## COLLECTED DATA
****
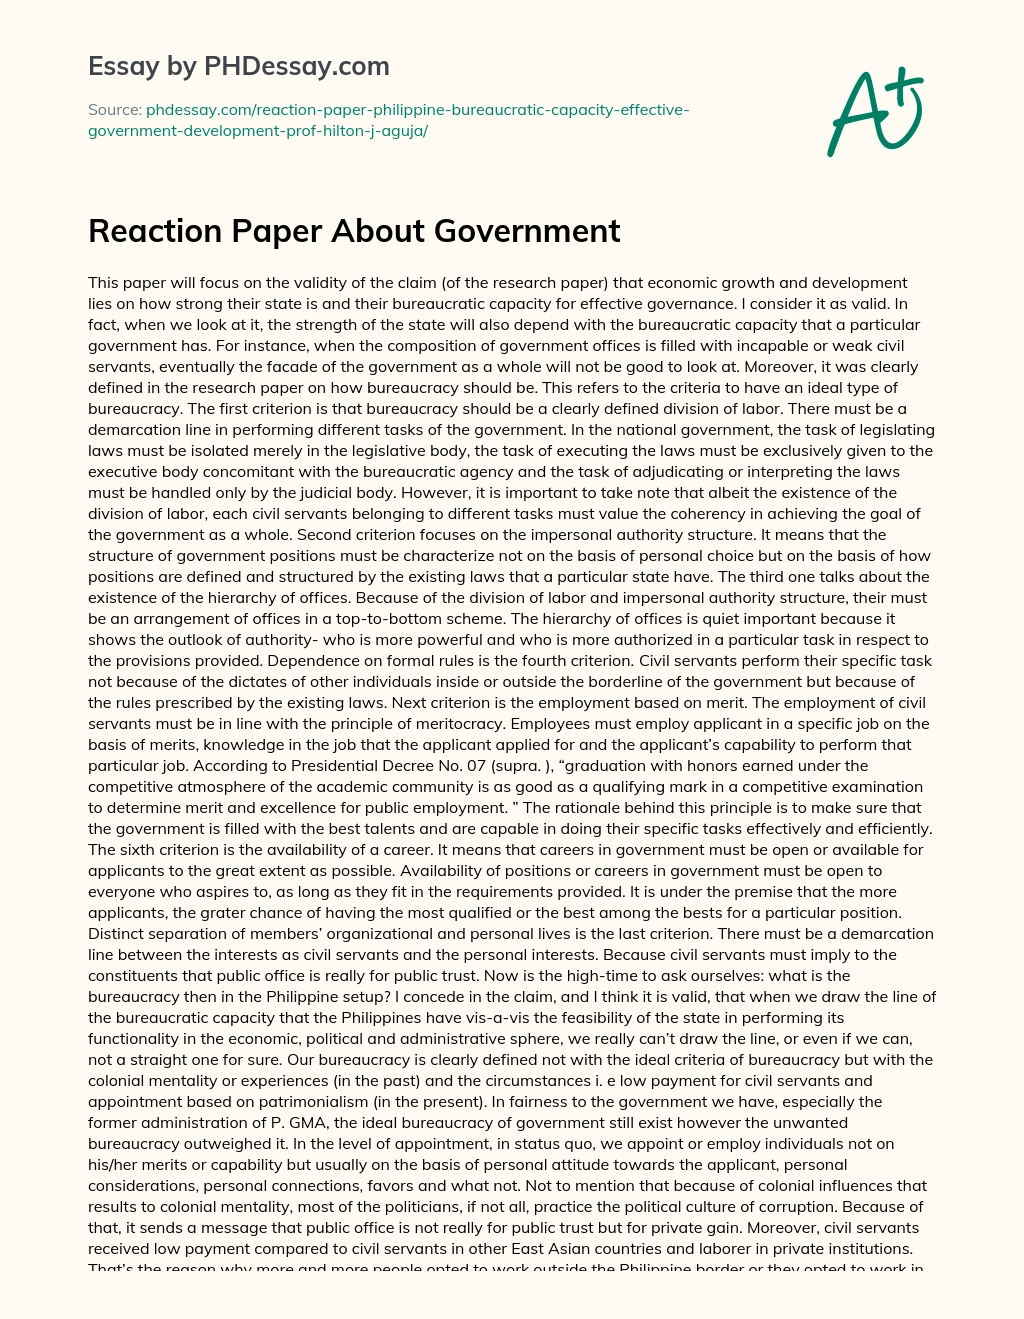 Reaction Paper About Government essay
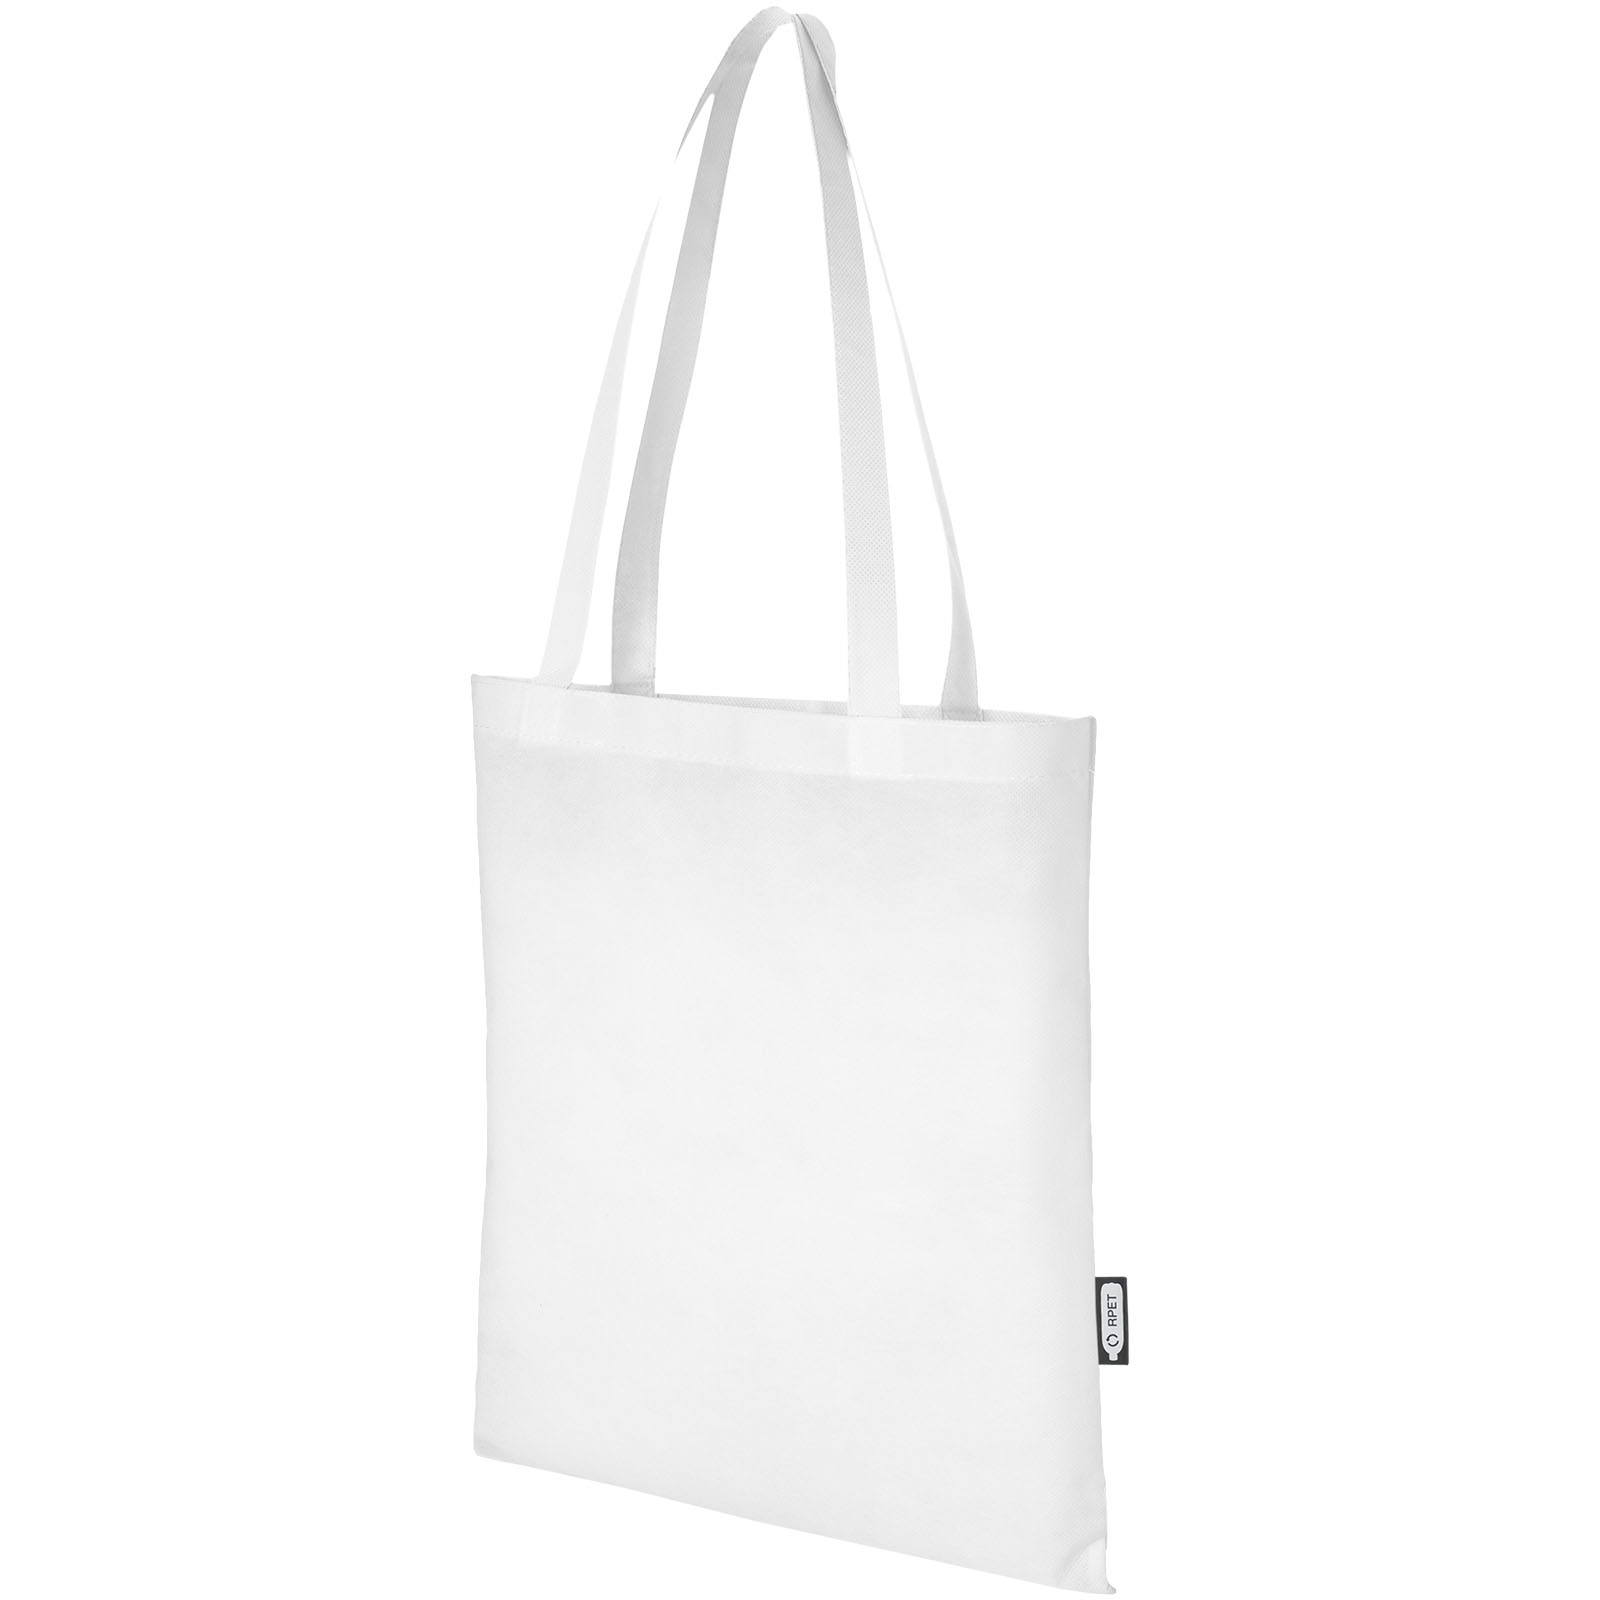 Bags - Zeus GRS recycled non-woven convention tote bag 6L
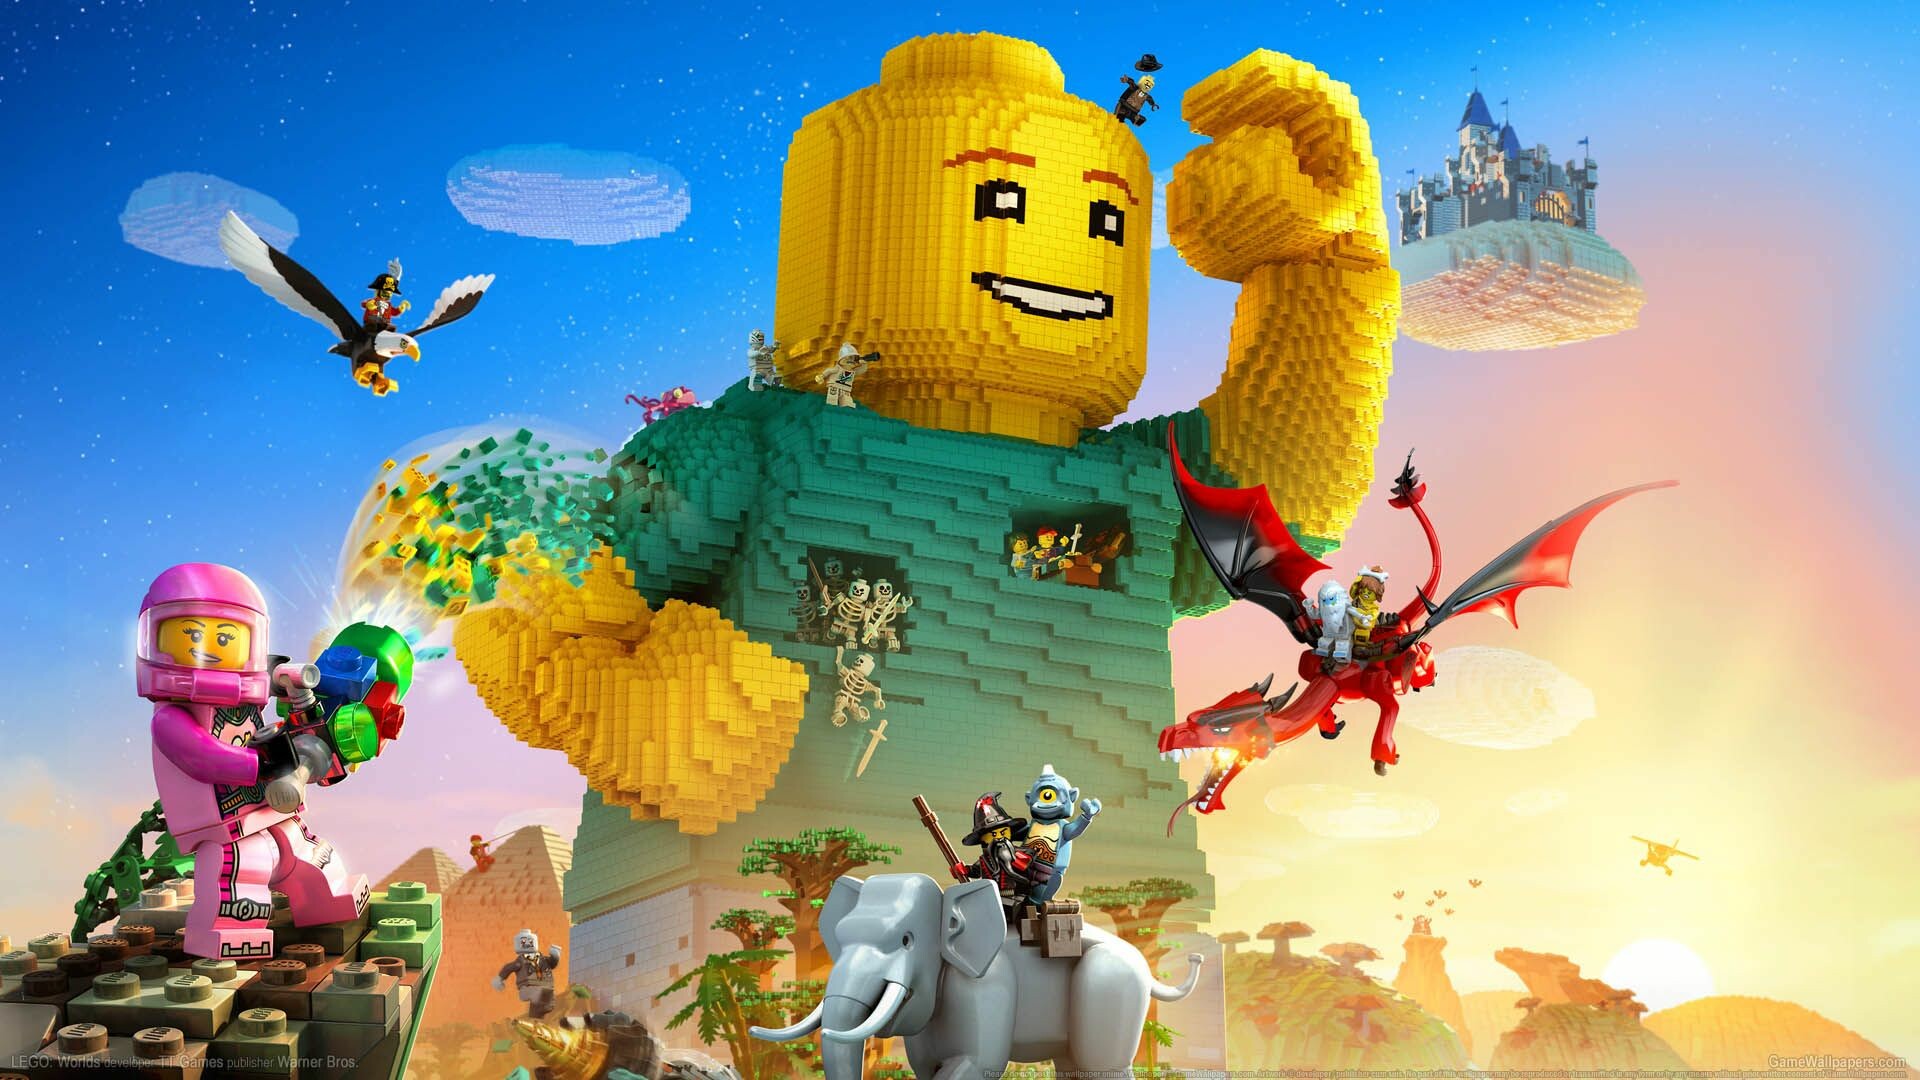 Lego: One of the most popular toys of all time. 1920x1080 Full HD Background.
****
## EXERCISE PROMPT
Please retype the listing exactly, leaving out any images.

## TASK OUTPUT
 Reaction Paper About Government essay
 Bags - Zeus GRS recycled non-woven convention tote bag 6L
 Lego: One of the most popular toys of all time. 1920x1080 Full HD Background.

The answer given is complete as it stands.